Really? Better tell that to the owner of this waterpump out of a Vulcan:

toast.jpg

I guess he'll be wanting to put that fine looking water pump back into his Vulcan engine since the Vulcan engine water pump impellers don't melt...

:p

While there is a "shortcut" way to do the heater core replacement that allows one to not have to partially remove the dashboard, the shortcut requires cutting off a vestigial bracket under the dash to make room for the core removal - and even after cutting the bracket out of the way, it still makes for an extremely tight and uncomfortable job. As the following video shows, the partial removal of the dash is a breeze - it just takes a few minutes to remove some bolts on one side, loosen two on the other side and remove the top bolts along the front of the dash (under the trim piece near the front window).
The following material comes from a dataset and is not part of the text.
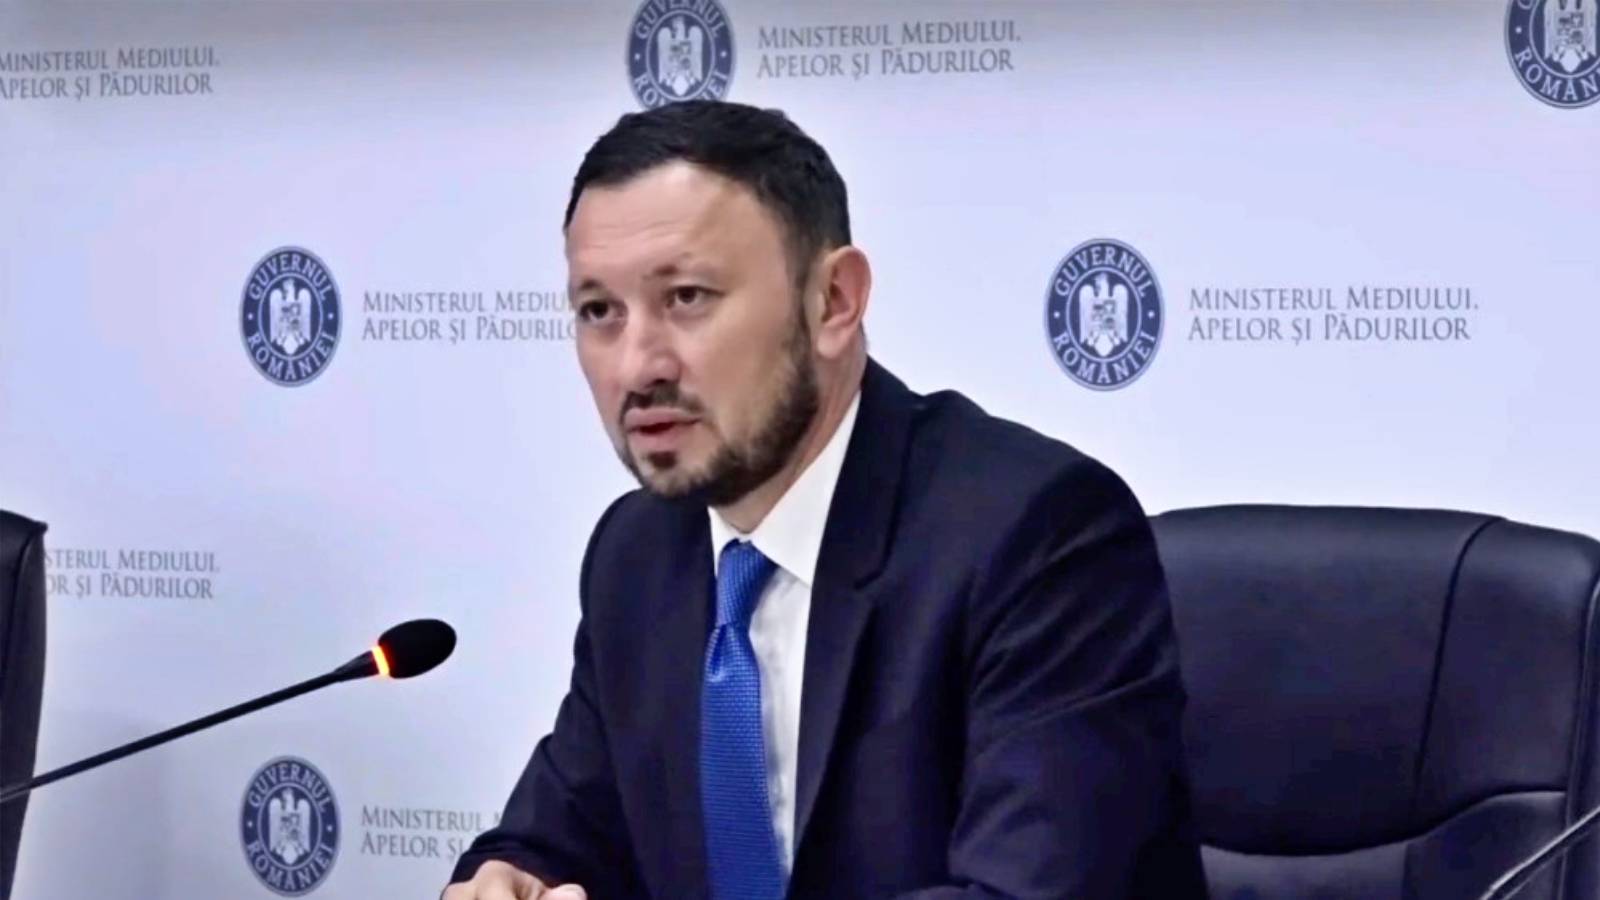 Ministrul Mediului Important Anunt ULTIM MOMENT Actiunile Luate Romania

That, plus popping a few trim bits off, and disconnecting the steering column (one bolt), and you just pivot the dash out on the passenger side (with the loosened bolts on the drivers side acting as a hinge of sorts). Then you have full access to the heater core area. The hardest part of the whole job is undoing and then redoing the heater core hoses in the tight confines of the area between the firewall and the engine - and that has to be done no matter which method you choose. As soon as the weather warms a bit here (it's currently a zillion below zero), I'll be heading out to the garage and replacing my heater core AND water pump (and doing the full flushing procedure as recommended on the video). The Taurus is my wife's daily driver - frozen wives do not maketh for warm bedmates...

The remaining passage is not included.